Atak zimy w Rybniku: powalone drzewa, pozrywane linie energetyczne
Pozrywane linie energetyczne, powalone drzewa i fatalne warunki na drogach - tak wygląda Rybnik po wielkanocnym (31.03.) ataku zimy. Strażacy sześciokrotnie wyjeżdżali do powalonych drzew, które nie wytrzymywały naporu śniegu. Podobnie działo się z liniami energetycznymi, które zerwały śnieżyce.
Atak zimy uszkodził również stacje zasilające i linie średniego napięcia. W sumie bez prądu jest kilkanaście ulic w różnych dzielnicach Rybnika – usłyszeliśmy w dyspozytorni pogotowia energetycznego. Nie wiadomo, kiedy służby usuną awarie, bo wciąż otrzymują kolejne zgłoszenia.
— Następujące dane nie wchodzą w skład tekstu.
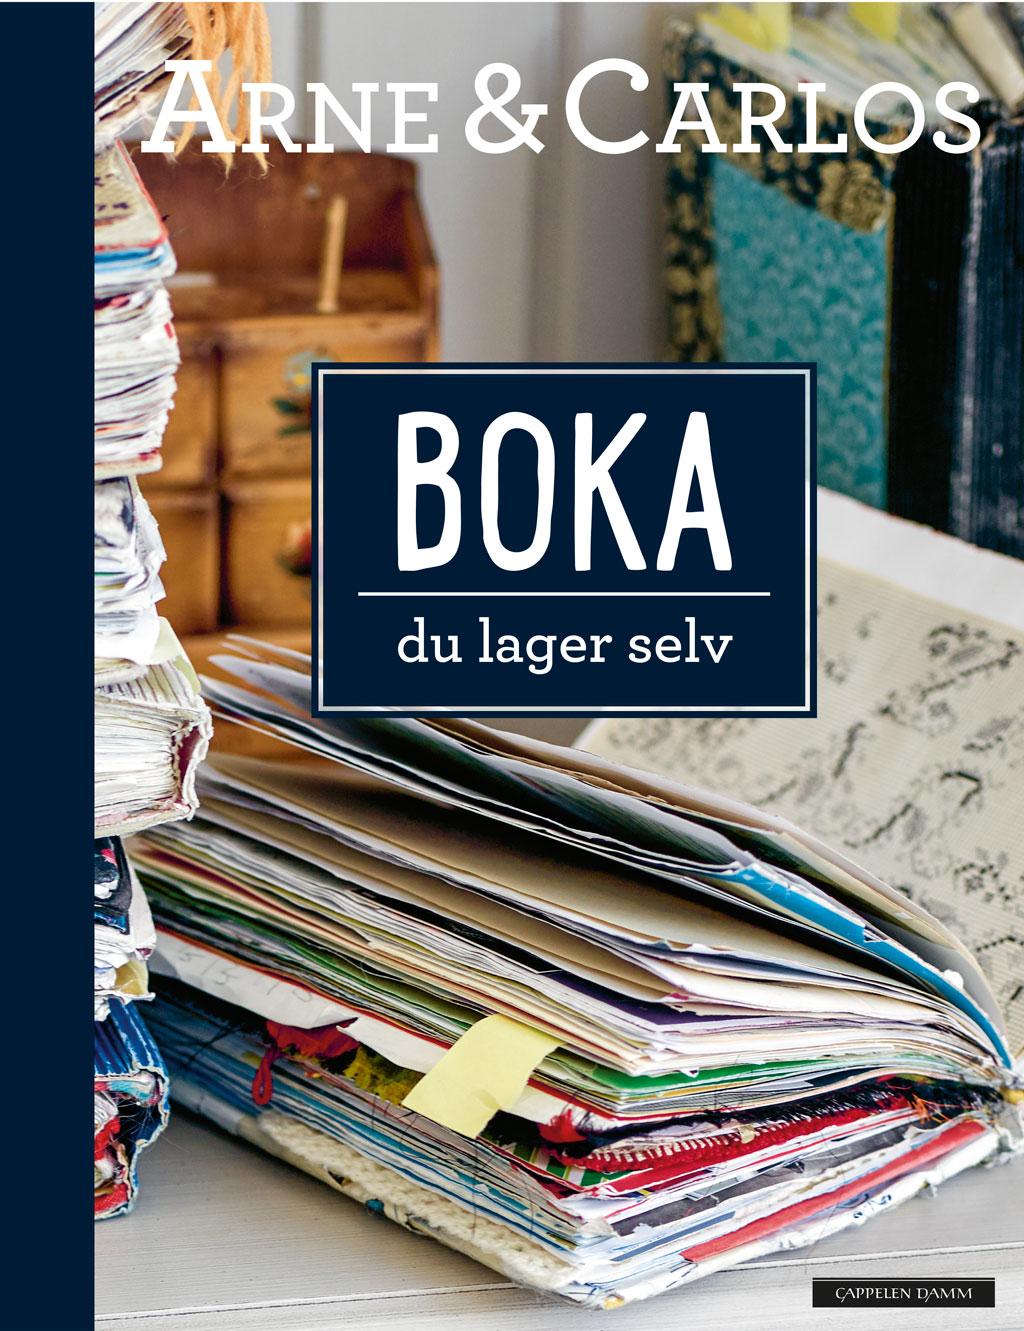 MAKE YOUR OWN IDEA BOOK

Od rana po ulicach Rybnika jeżdżą wszystkie pługopiaskarki. Dziewięć pojazdów stara się poradzić z intensywnymi opadami śniegu. Robimy co w naszej mocy, główne drogi są przejezdne, najgorsza sytuacja panuje na bocznych ulicach – powiedział Radiu 90 Tomasz Stańko z Rybnickich Służb Komunalnych.
Na szczęście do niedzielnego wieczora nie doszło do poważnych zdarzeń drogowych.